> [TASK ITEM]: The pictures stay out; all of the data is to be printed exactly.

> [RECORDED INFORMATION]:

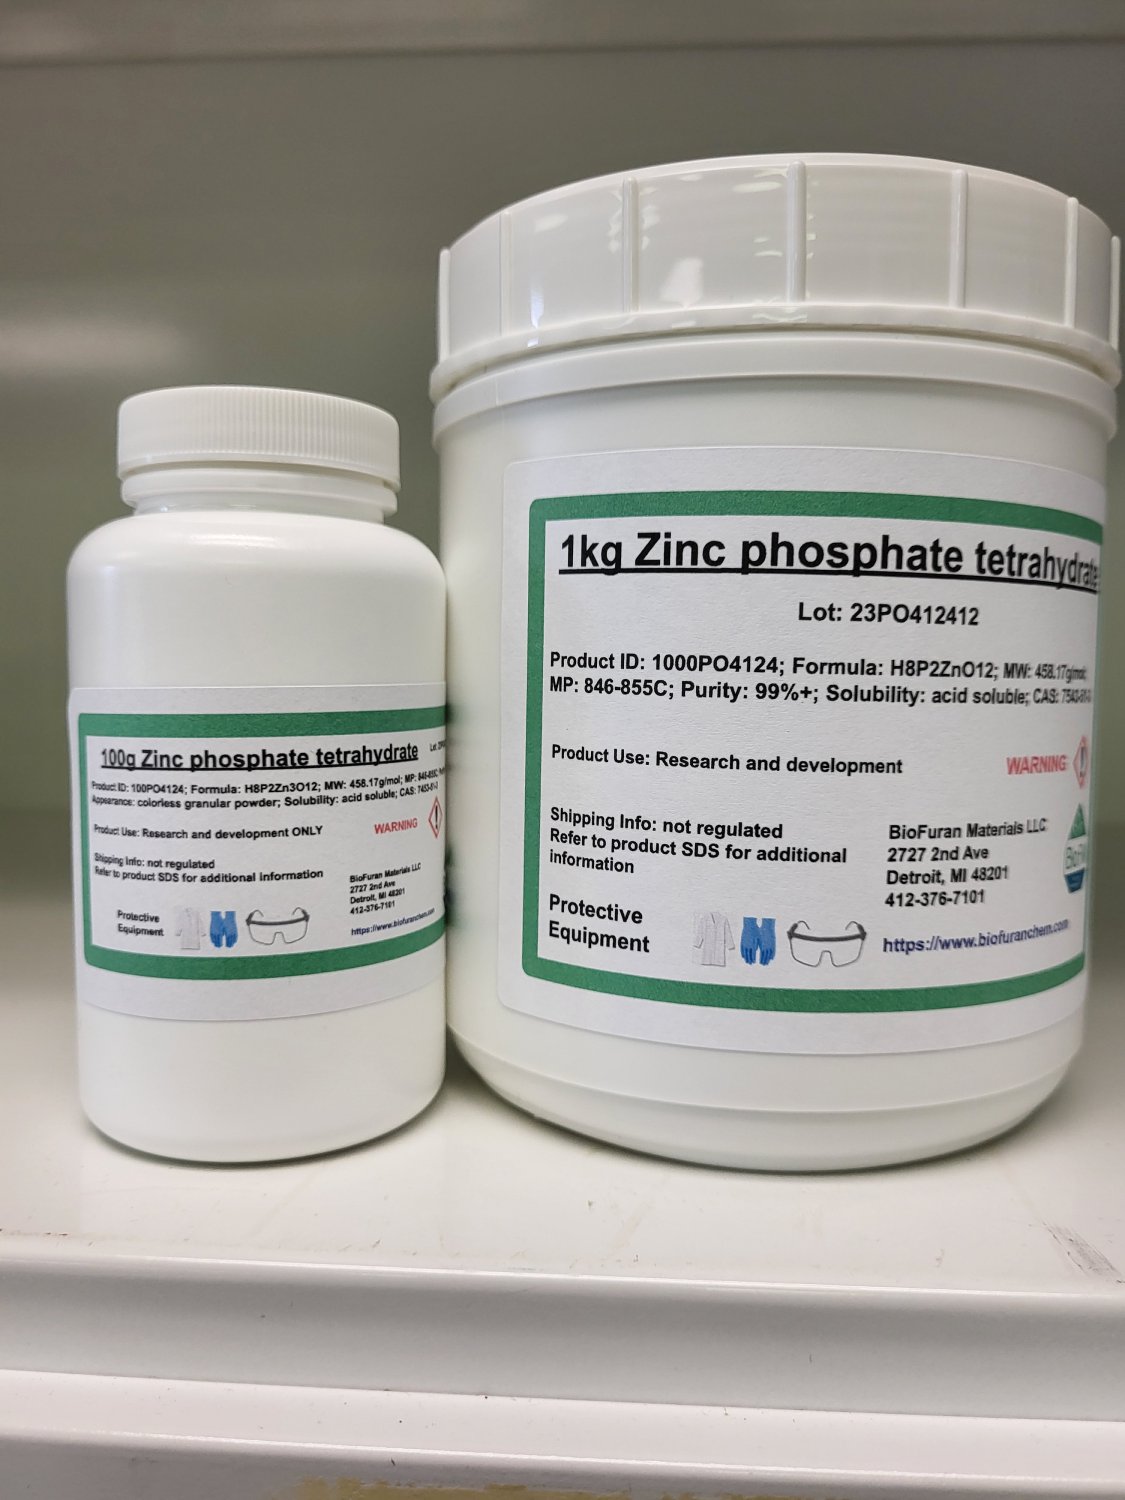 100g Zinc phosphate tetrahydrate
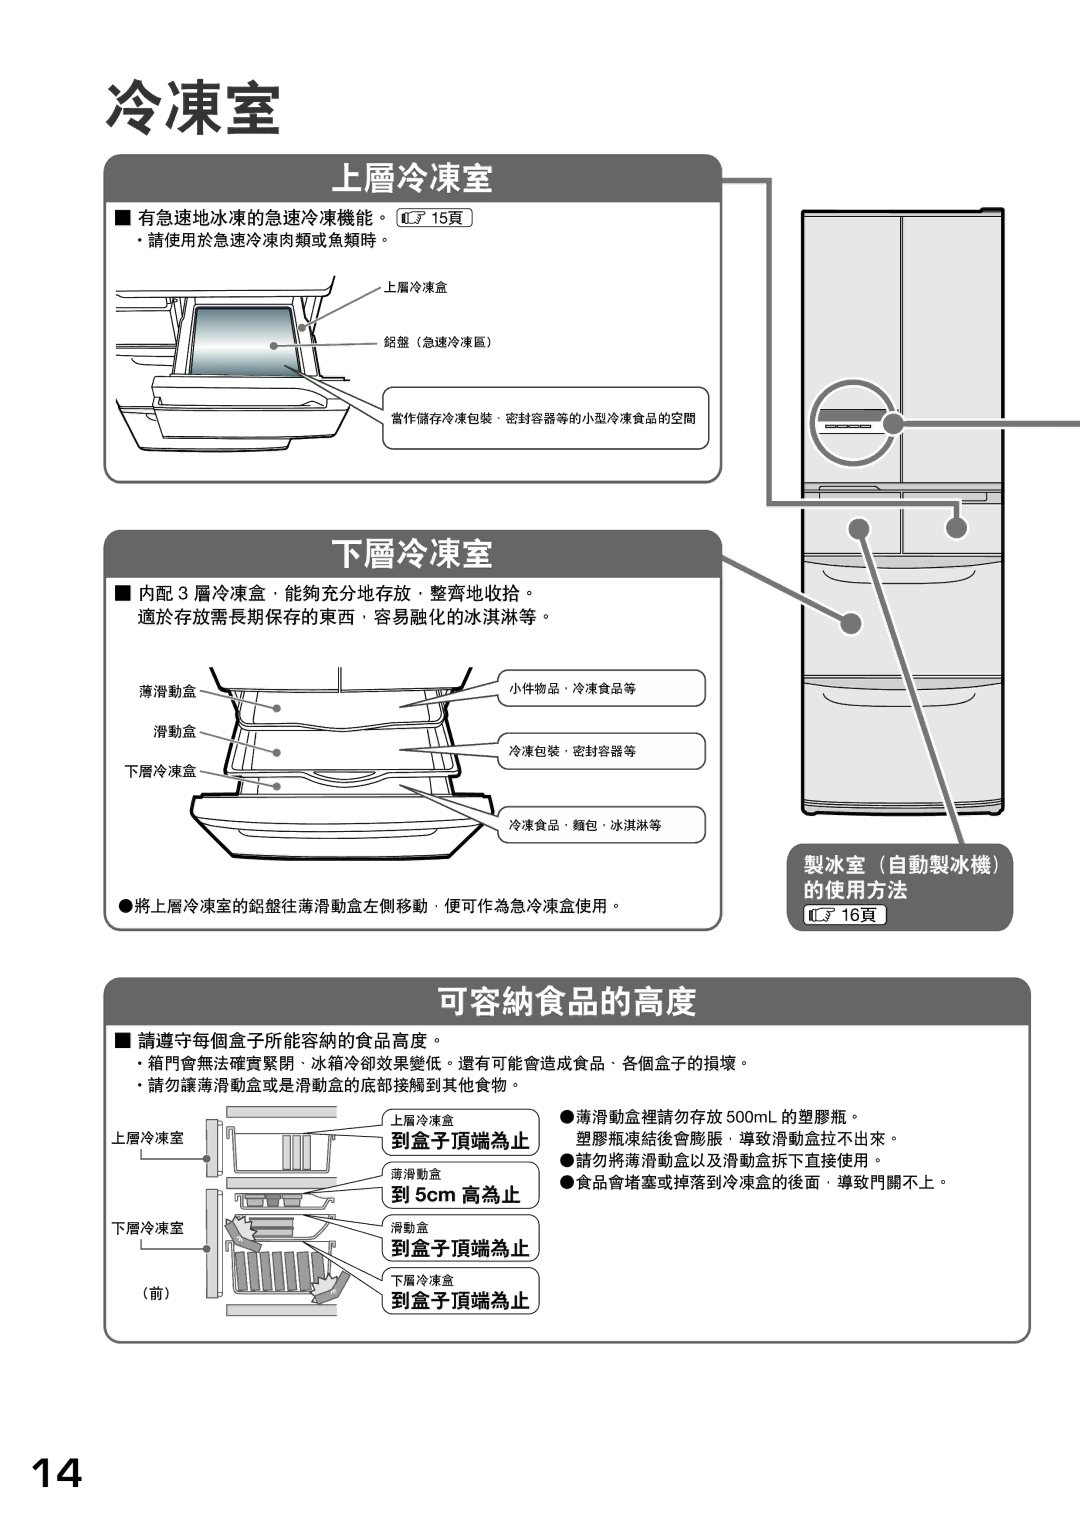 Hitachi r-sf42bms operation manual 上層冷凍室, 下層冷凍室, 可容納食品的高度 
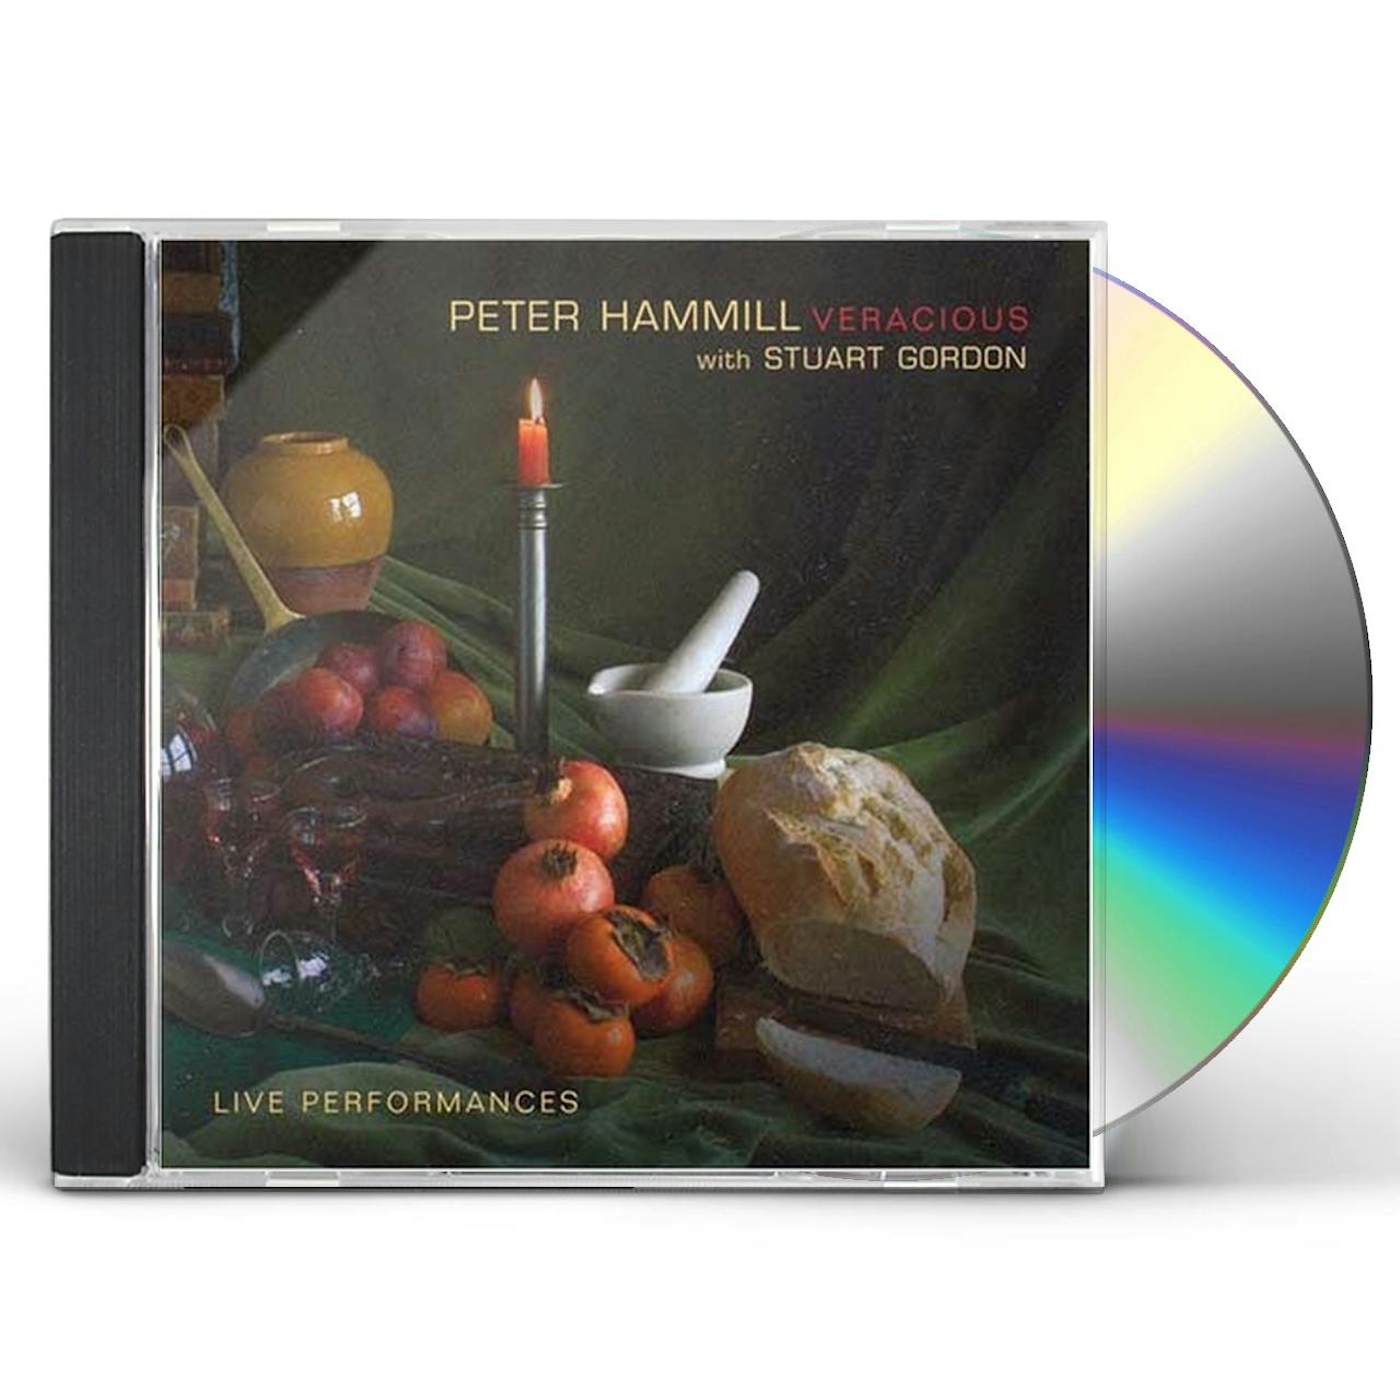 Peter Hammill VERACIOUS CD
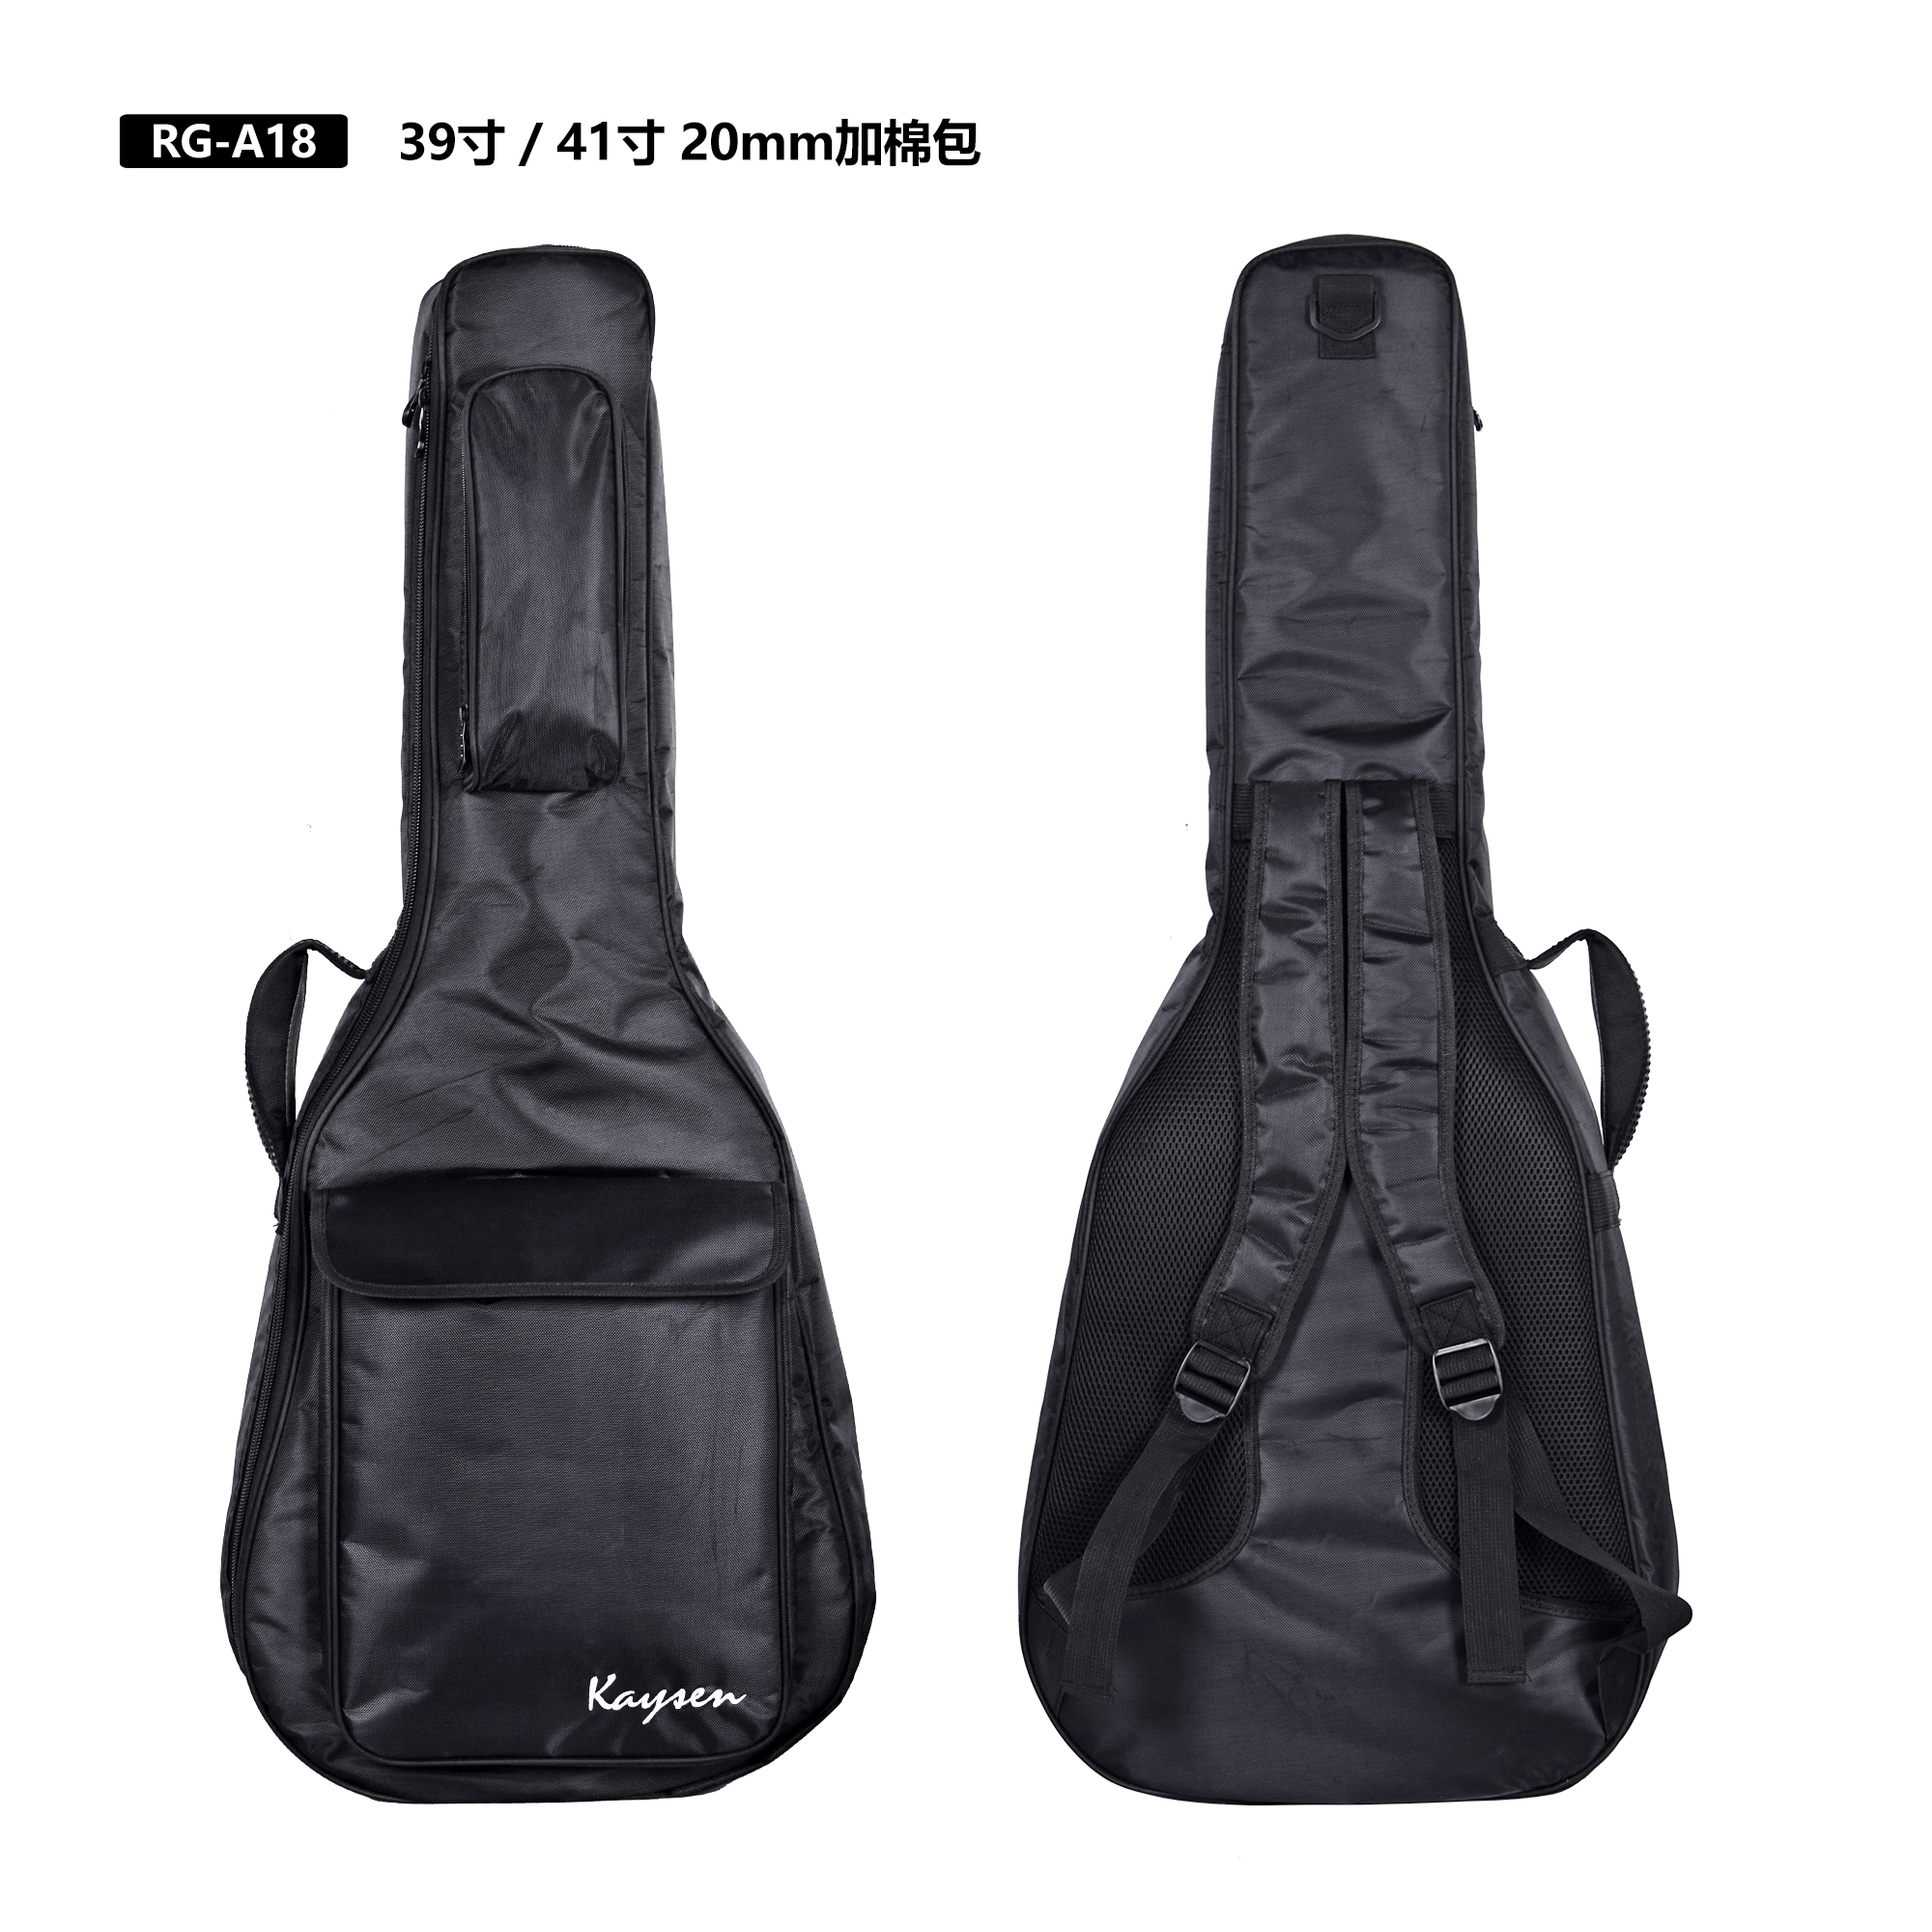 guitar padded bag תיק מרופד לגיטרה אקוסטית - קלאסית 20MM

> [RESPONSE BOX]:
 100g Zinc phosphate tetrahydrate
 Hitachi r-sf42bms operation manual 上層冷凍室, 下層冷凍室, 可容納食品的高度 
 Peter Hammill VERACIOUS CD
 guitar padded bag תיק מרופד לגיטרה אקוסטית - קלאסית 20MM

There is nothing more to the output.